→ Goal of the exercise: Would you retype the listing below word for word, without any of its pictures?

→ Recorded information:
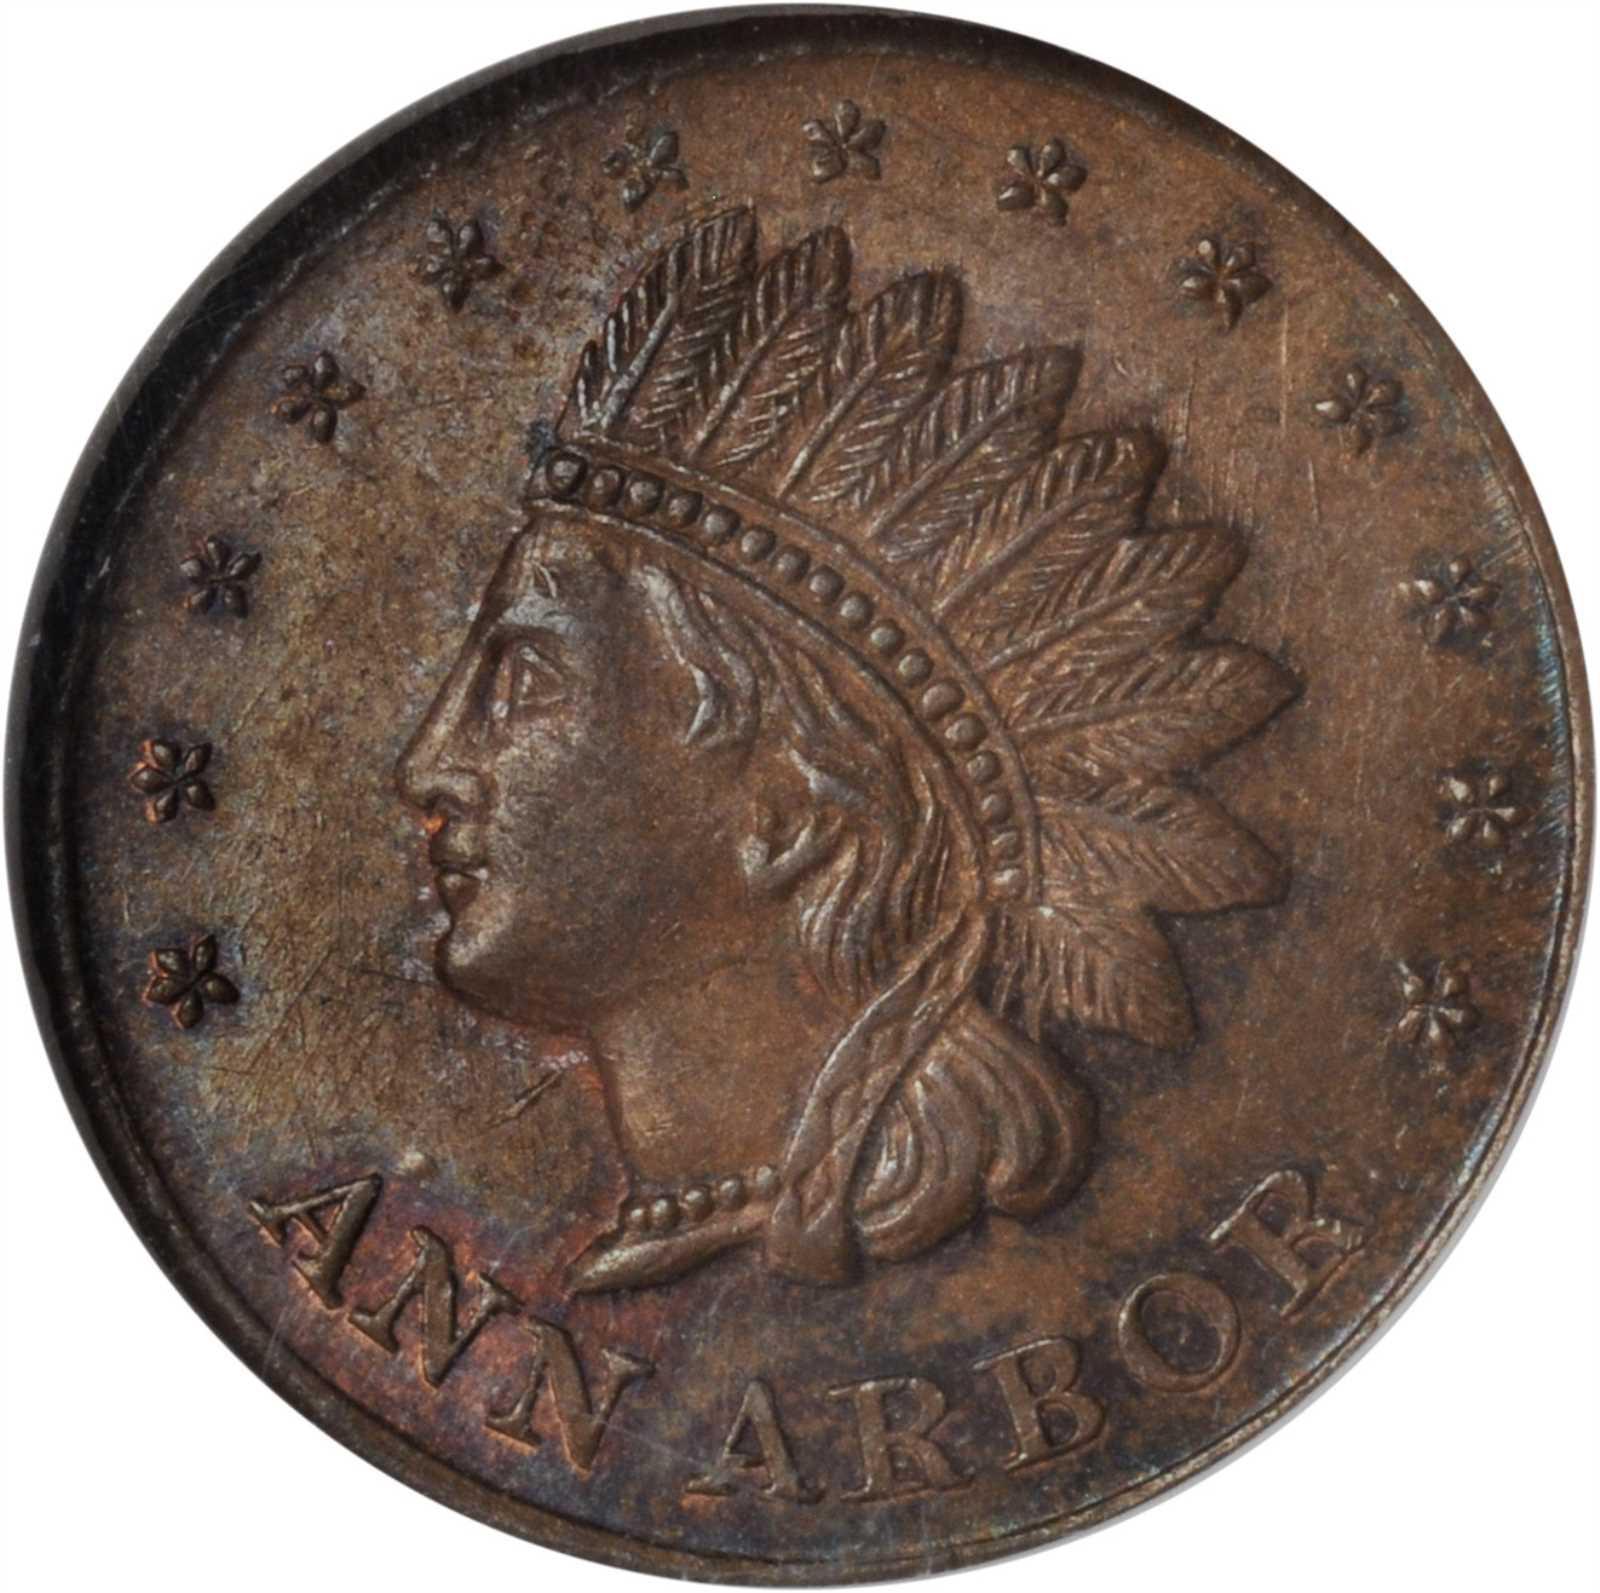 War nickels
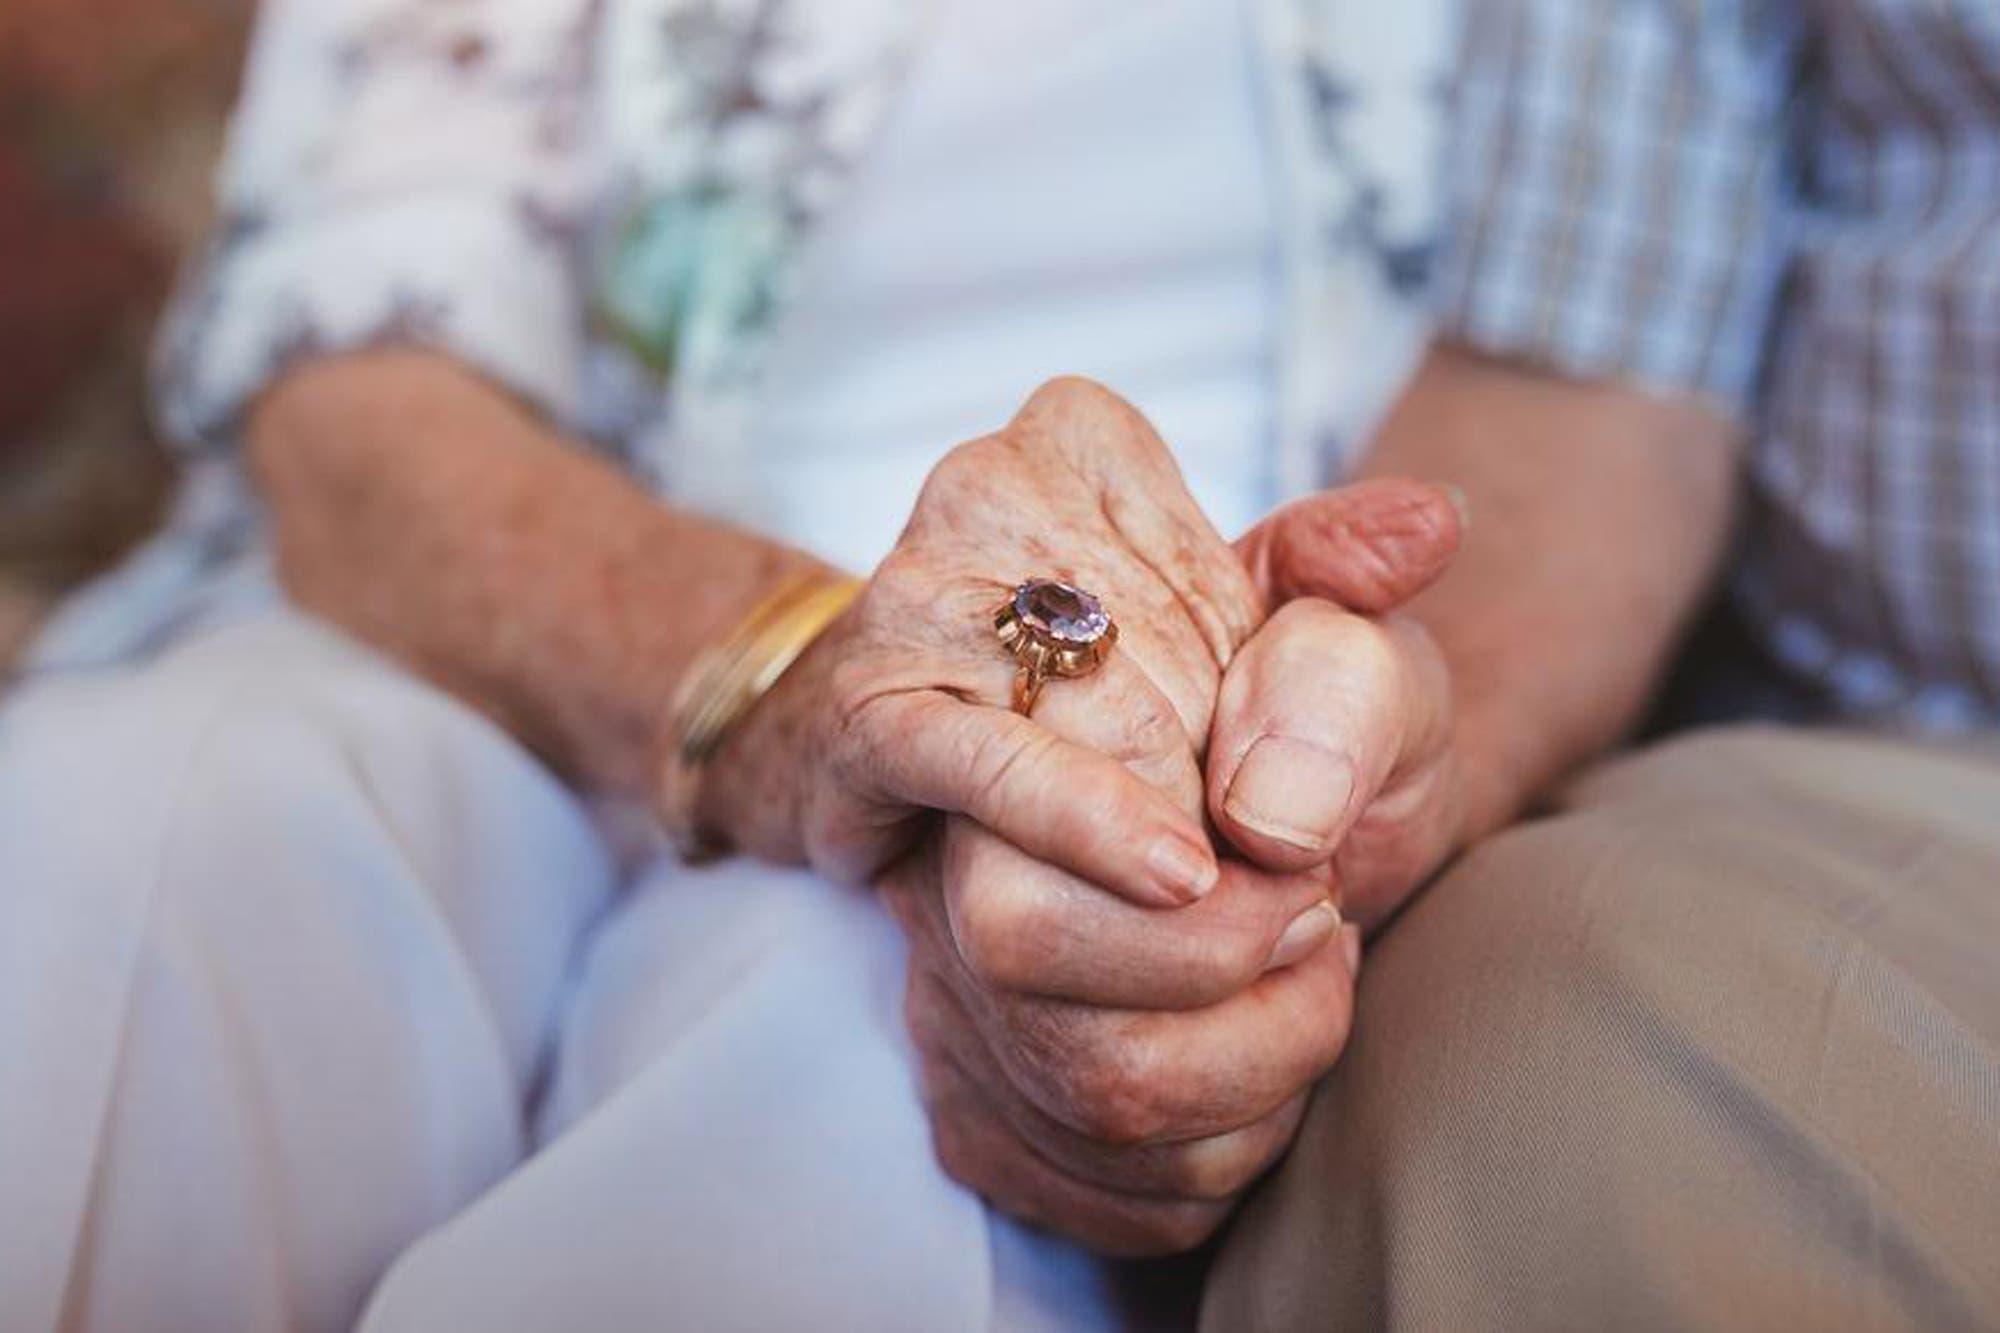 jubilaciones,-pensiones-y-aue-de-anses:-quienes-cobran-el-25-de-febrero
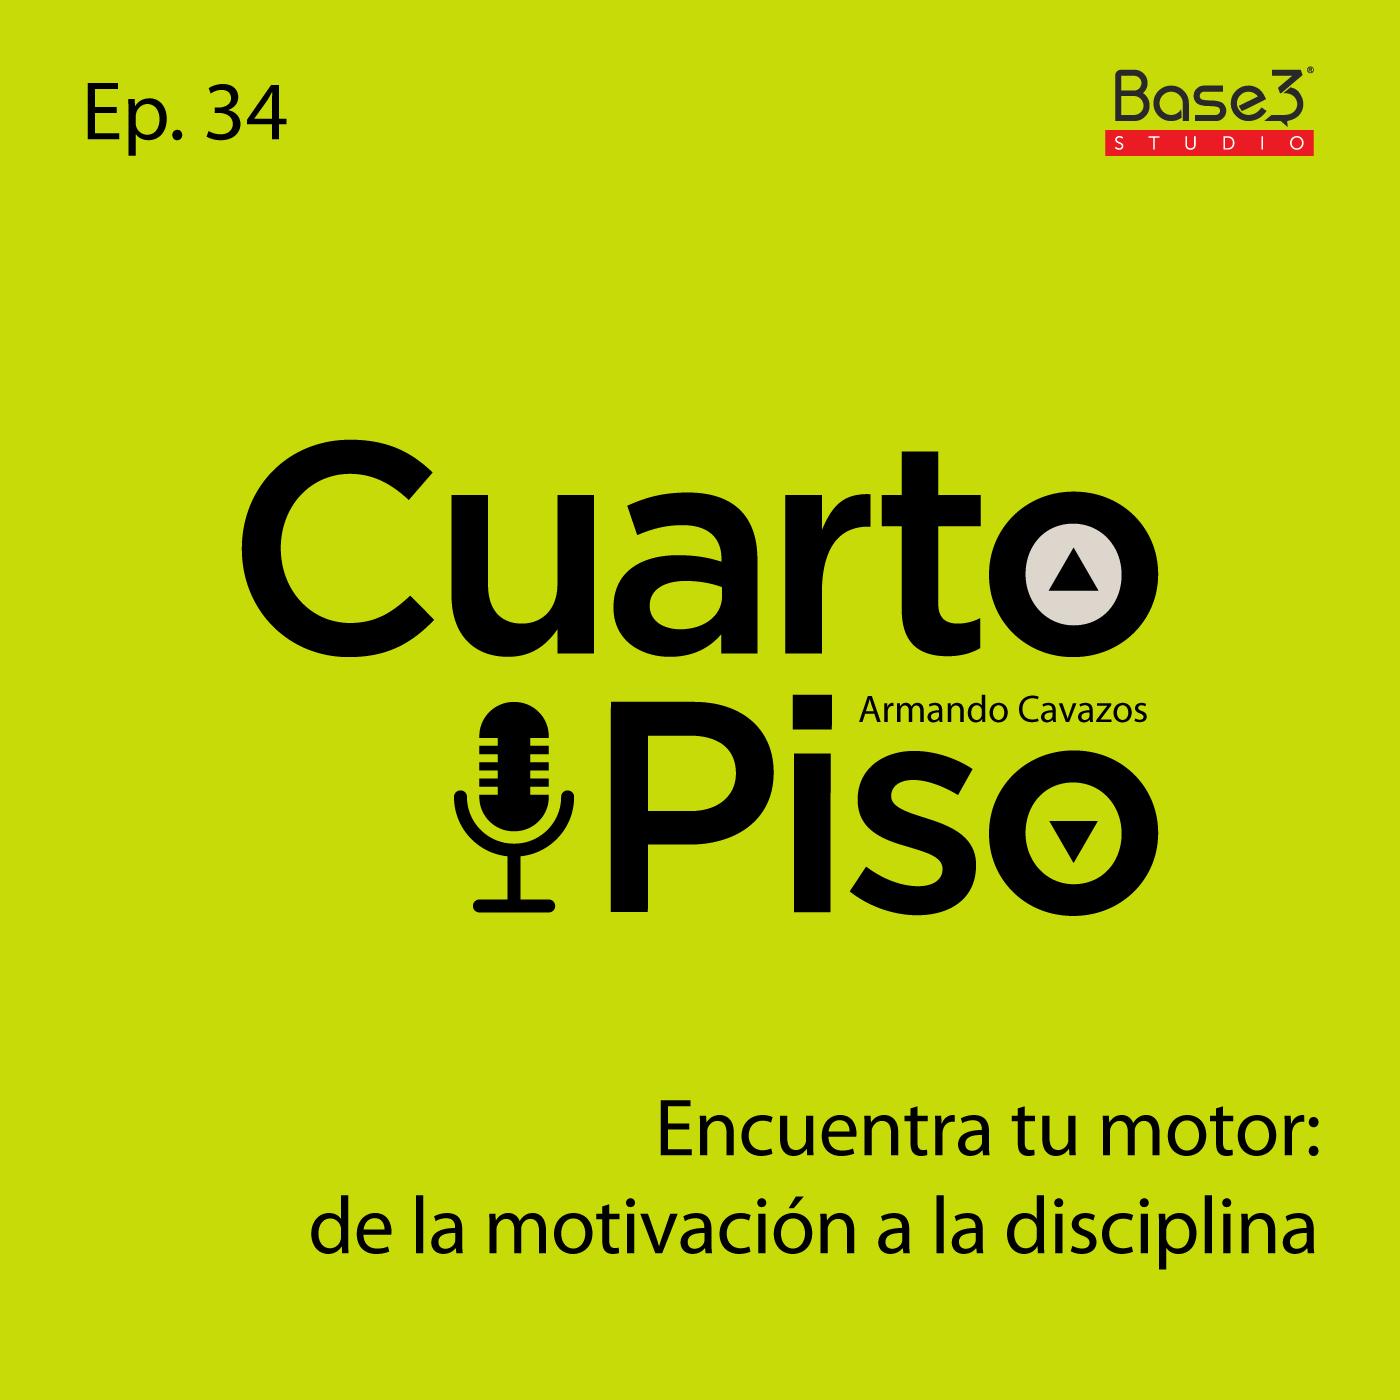 Encuentra tu motor: de la motivación a la disciplina

→ The completed task:
 War nickels
 jubilaciones,-pensiones-y-aue-de-anses:-quienes-cobran-el-25-de-febrero
 Encuentra tu motor: de la motivación a la disciplina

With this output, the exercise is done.